Structured questionnaires
To associate with frailty syndrome, the two groups of variables were considered. The first sociodemographic and socioeconomic characteristics, with the following variables: age, gender, marital status, education status, living status, household size, employment status, household income, and income sources. The second was health-related status variables: self-report of diseases (diabetes mellitus, heart disease, hypertension, respiratory problems, gastrointestinal problems, renal disease, and arthritis); self-report of geriatric syndromes (poor hearing, poor vision, appetite loss, sleep-related problems, and incontinence); medication use; history of falls; and hospitalisation in the previous year, self-rated health, and smoking status.
Blood pressure and anthropometric assessment
Blood pressure was measured by interviewer in duplicate using Blood Pressure Monitor (OMRON, Model HEM 7111-ARM-FZ). Respondents were asked to refrain from smoking and drinking any tea and coffee during the 30 min preceding the measurement to ensure an accurate reading. The classification of blood pressure for older adults is based on the average of two properly measured. The classification of hypertension were <120/80 mmHg (normal); 120–139/80–89 mmHg (prehypertension), 140–159/90–99 mmHg (hypertension stage 1), and ≥160/100 mmHg (hypertension stage 2).13
The anthropometric assessment included body mass index (BMI); body circumferences (waist circumference (WC), mid-upper arm circumference (MUAC), calf circumference (CC)); and body composition (lean body mass, total body fat). A cut-off BMI value of less than 18.5 kg/m2 and more than 29.9 kg/m2 indicates underweight and obese, respectively.14 The Asian population WC cut-off point which was greater than 90 cm for male and greater than 80 cm for female are classified as having abdominal obesity and high risk for getting metabolic syndrome.15 A cut-off point of MUAC to indicate muscle wasting as previously described with value less than 23.0 cm for male and 22.0 cm for female.16 A cut-point of CC less than 30.1 cm for male and 27.3 cm for female were considered muscle wasting as developed by Sakinah et al.17 According to Lee and Nieman,18 total body fat (%TBF) can be used to determine the nutritional status. A cut-off point less than 5% for male and 8% for female were considered malnourished and more than 25% for male and 32% for female were considered high body fat.
Fried frailty phenotype
All five original criteria proposed by Fried et al.1 were retained for this study: unintentional weight loss, exhaustion, weakness, slowness, and low physical activity. However, the measurements used to define frailty criteria were slightly different and operationalised as follows:
Unintentional loss of weight greater than or equal to 4.5 kg or 5% in the previous year,1 if not possible, unintentional weight loss was identified indirectly (e.g. self-report weight loss, the clothes became too big).

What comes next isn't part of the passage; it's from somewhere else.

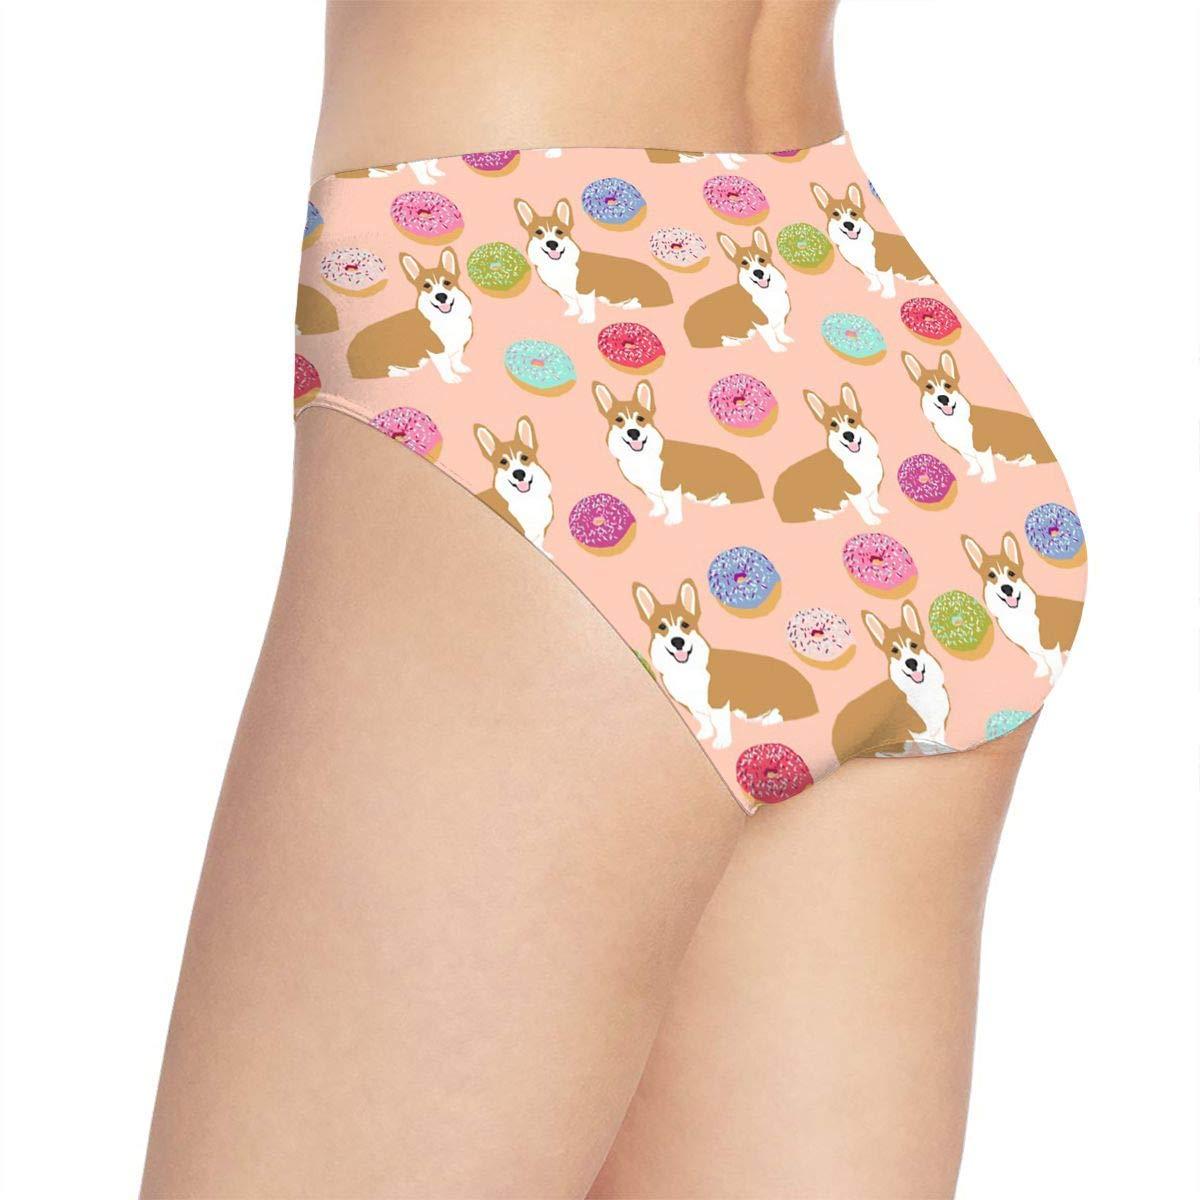 Eplus Womens Doughnuts Bulldog Underwear Soft Bikini Briefs Panties
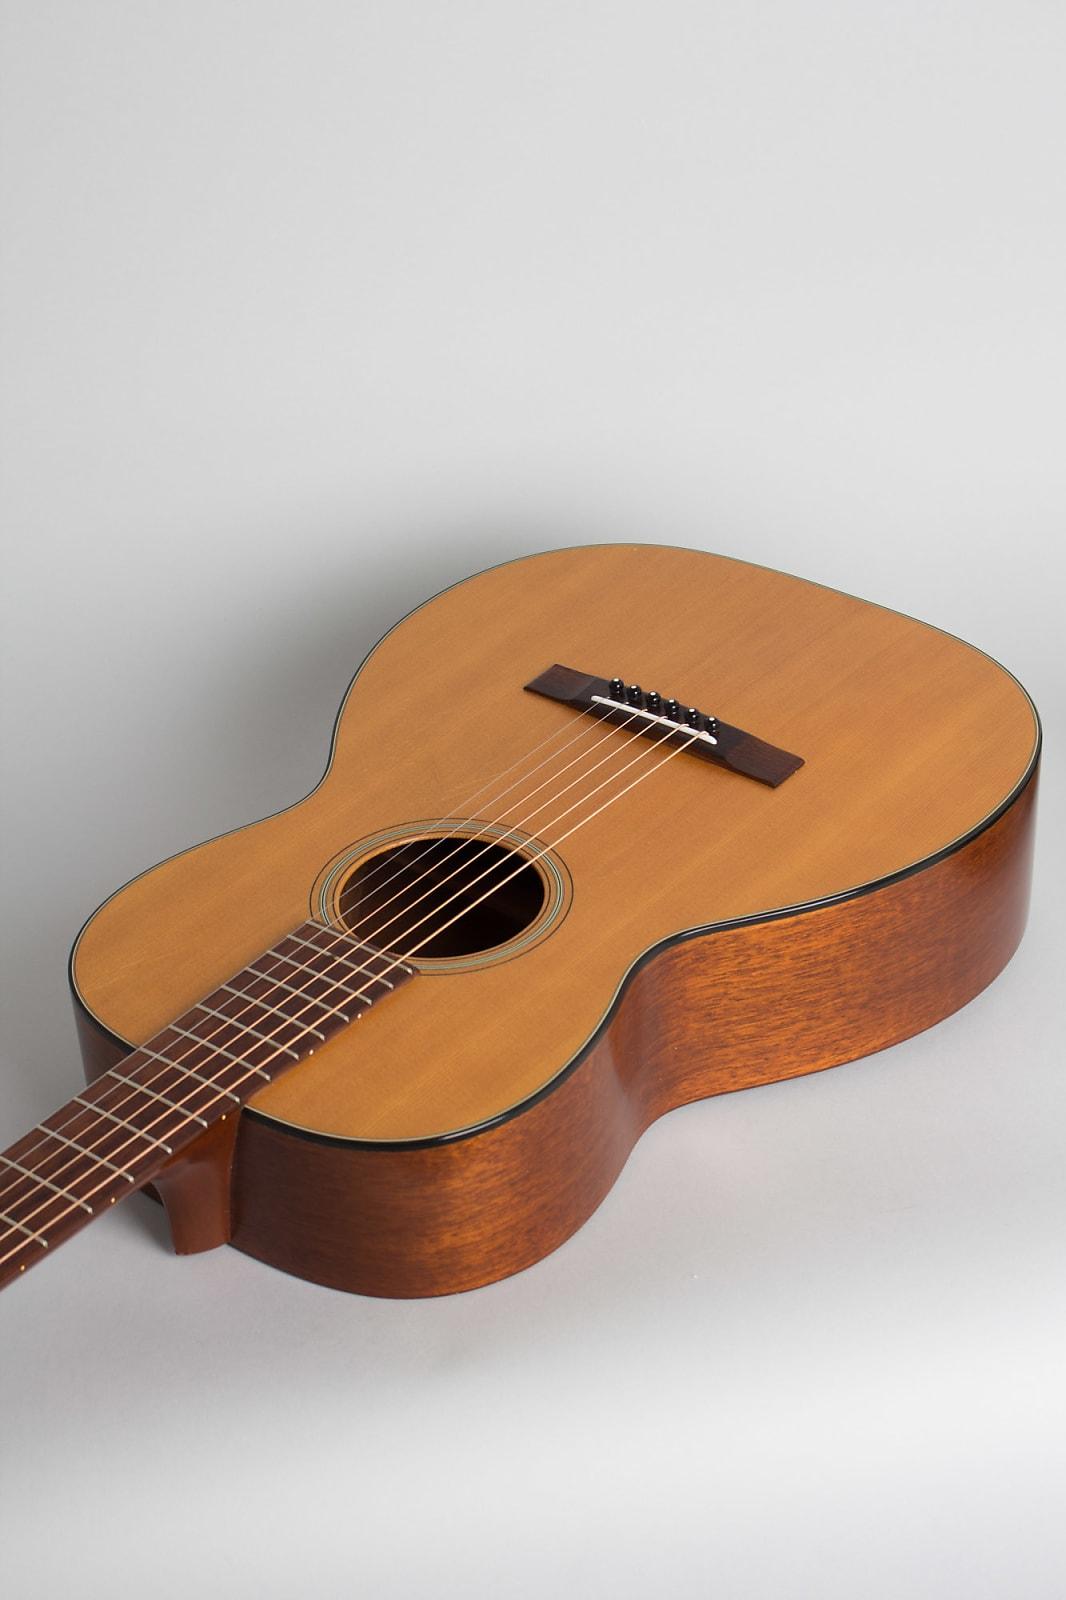 C. F. Martin  0-16NY Flat Top Acoustic Guitar (1968), ser. #231949, black chipboard case.

Feeling of exhaustion assessed according to two questions from Center for Epidemiologic Studies Depression (CES-D) scale:19 ‘I felt that everything I did was an effort’ and ‘I could not get going’. The question is asked ‘How often in the last week did you feel this way?’ It was considered exhausted if the respondents answered ‘most of them or almost daily’ to any of the following statements.1
Weakness was defined as mean grip strength of the dominant hand three times using digital handgrip (Charder; Model MG4800). Males and females who cannot carry out the muscle strength test, or who recorded 18.0 kg of grip strength for male (percentile ≤ 25) and 12.5 kg (percentile ≤ 25) for female, were classified as positive for grip strength criterion.20
Slowness was defined as usual walking speed at a distance of 4.6 m. Respondents who could not carry out walking, or who had walking speed recorded at approximately > 7 s (for male with height < 173 cm or female with height < 159 cm) or > 6 s (for male with height > 173 cm or female with height > 159 cm), were classified as positive for walking criterion.1
Low physical activity level assessed according to self-report of frequency, duration and intensity of usual activities based on the Rapid Assessment of Physical Activity (RAPA) questionnaires (aerobic activities).21 Respondents who were classified as sedentary or underactive were considered positive for low physical activity level.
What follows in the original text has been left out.